Reverend Jesse Jackson led a community rally at the Ella Hill Hutch Community Center
in San Francisco's Western Addition district today, to promote gun control laws
as part of a national effort to bring to an end rampant street violence and bloodshed.
Photo(s) by Luke Thomas

By Laura Dudnick


July 8, 2007

About 150 people joined the Rev.
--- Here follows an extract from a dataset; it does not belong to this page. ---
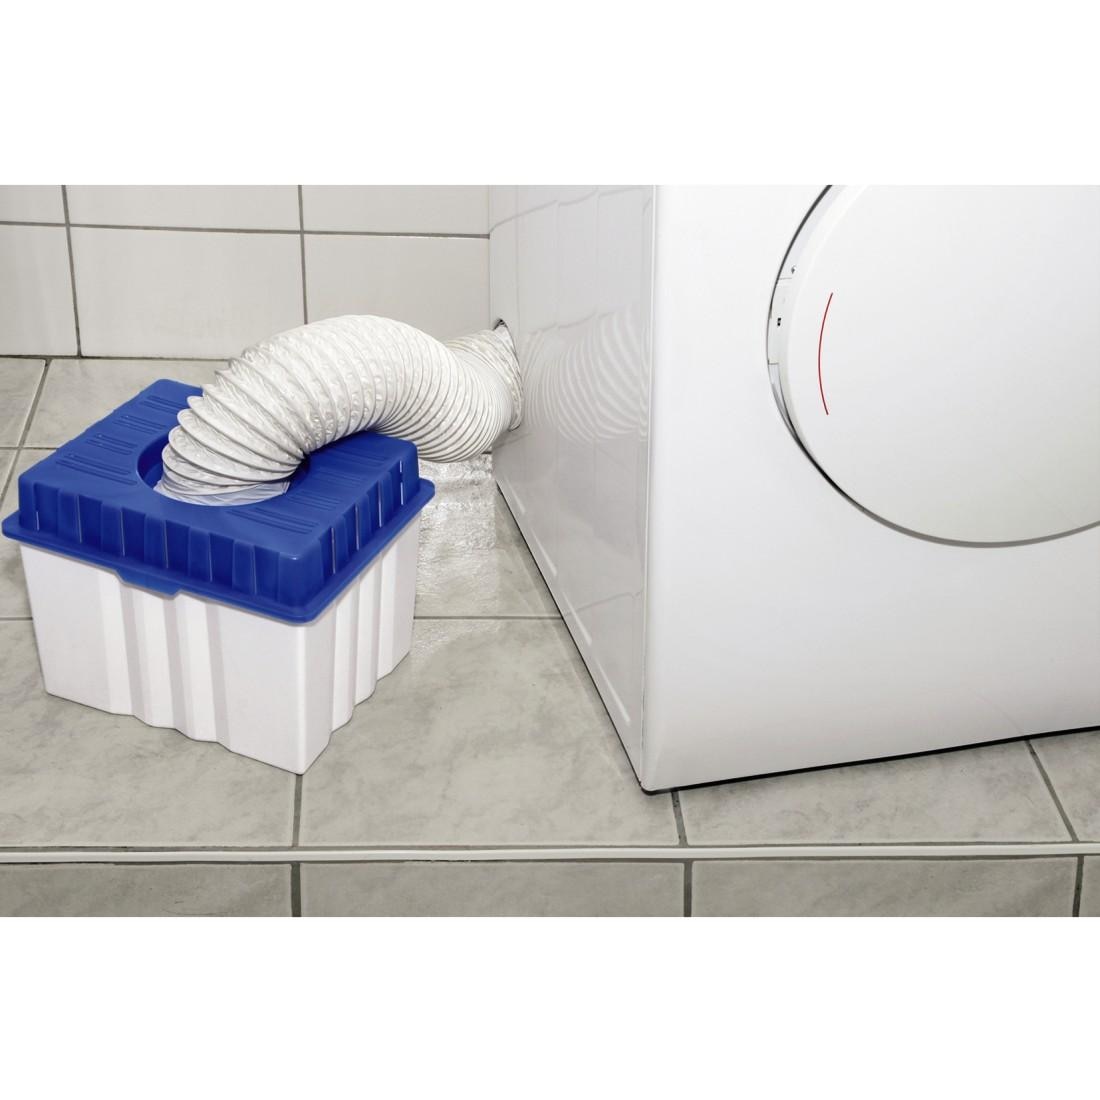 Hama Wäschetrockner-Kondensator »Kondensbox, Kondenswasserbehälter für Ablufttrockner«, 28,5 x 23,5 x 23 cm, 7 l

Jesse Jackson's call for stricter federal gun control policy today at a peace rally in the Western Addition.

But those attending the rally at the Ella Hutch Community Center weren't alone in hearing Jackson's message, according to a San Francisco-based civil rights group.
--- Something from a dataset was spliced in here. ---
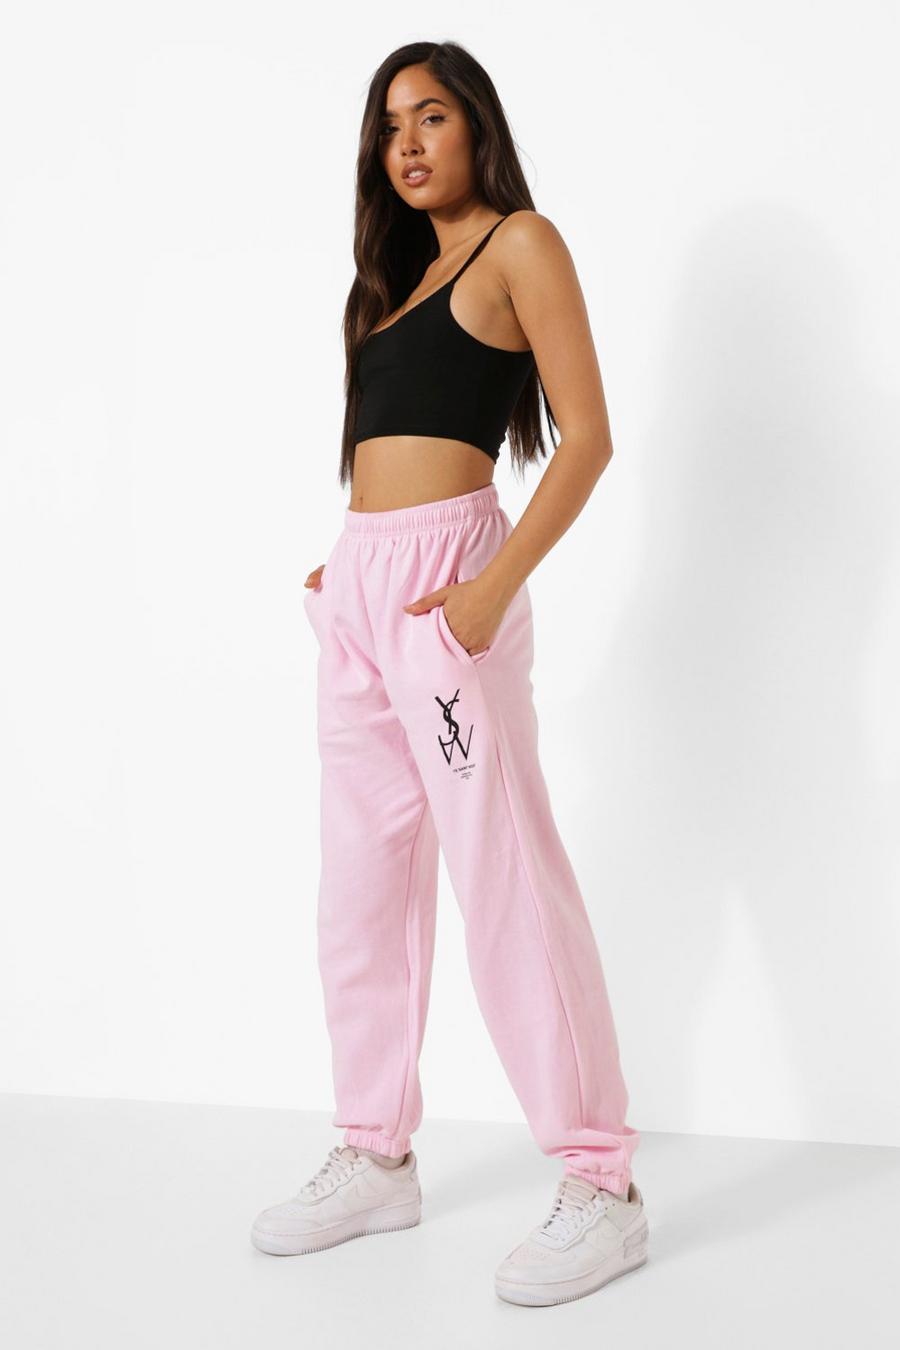 Pantaloni tuta oversize con stampa Ysw, Light pink image number 1

District 5 Supervisor Ross Mirkarimi

Jackson's speech was also heard by hundreds of Bay Area residents who refuse to leave their homes because of increasing violence in their neighborhoods, according to Sharen Hewitt of The CLAER Project, a local civil rights group that helped organize the event.

The rally was held amid a wave of violence that claimed at least 12 lives around the Bay Area last weekend, including four killings each in San Francisco and Oakland and more in Richmond and unincorporated Richmond.

Hewitt said she and local activists have been battling the issues of gun violence in local cities for more than five years.

"Jackson joined the work of many locals against the burgeoning issues of homicide in (San Francisco) and across the nation," Hewitt said.


Jackson reiterated the need for stricter federal gun control policy, including a ban on assault weapons, while his civil rights group, the Rainbow/PUSH Coalition, prepares for a nationwide rally on August 28.

He also visited True Vine Ministries Baptist Church in West Oakland Saturday to promote the message.

"There were more people killed in the Bay Area this weekend than U.S. soldiers in Iraq," said Kevin Bard, a San Francisco State University political science student and intern of The CLAER Project.

San Francisco Mayor Gavin Newsom's office is scheduled to introduce a new package of legislation at Monday's public safety meeting, according to Marissa Bloom, policy fellow for the CLAER project.

The four-point plan includes the implementation of a registry for gun offenses, similar to the sex offense charges that now exist, according to Bloom.

Hewitt said immediate action against gun violence is necessary because the problem does not only affect those who are directly involved in acts of violence.

"People are really traumatized in these communities," she said.


District 13 Assemblymember Mark Leno (left)


District 3 Senator Carole Migden, San Francisco Police Commissioner Joe Alioto-Veronese

"These people just want to live with a degree of normality. There are people here who are actively living isolated and unengaged. And there are the secondary impacts, such as the mothers who don't send their kid out to play, or the elderly who fear leaving their homes to pick up medication. People should not be afraid of going outside. That should be a normal activity."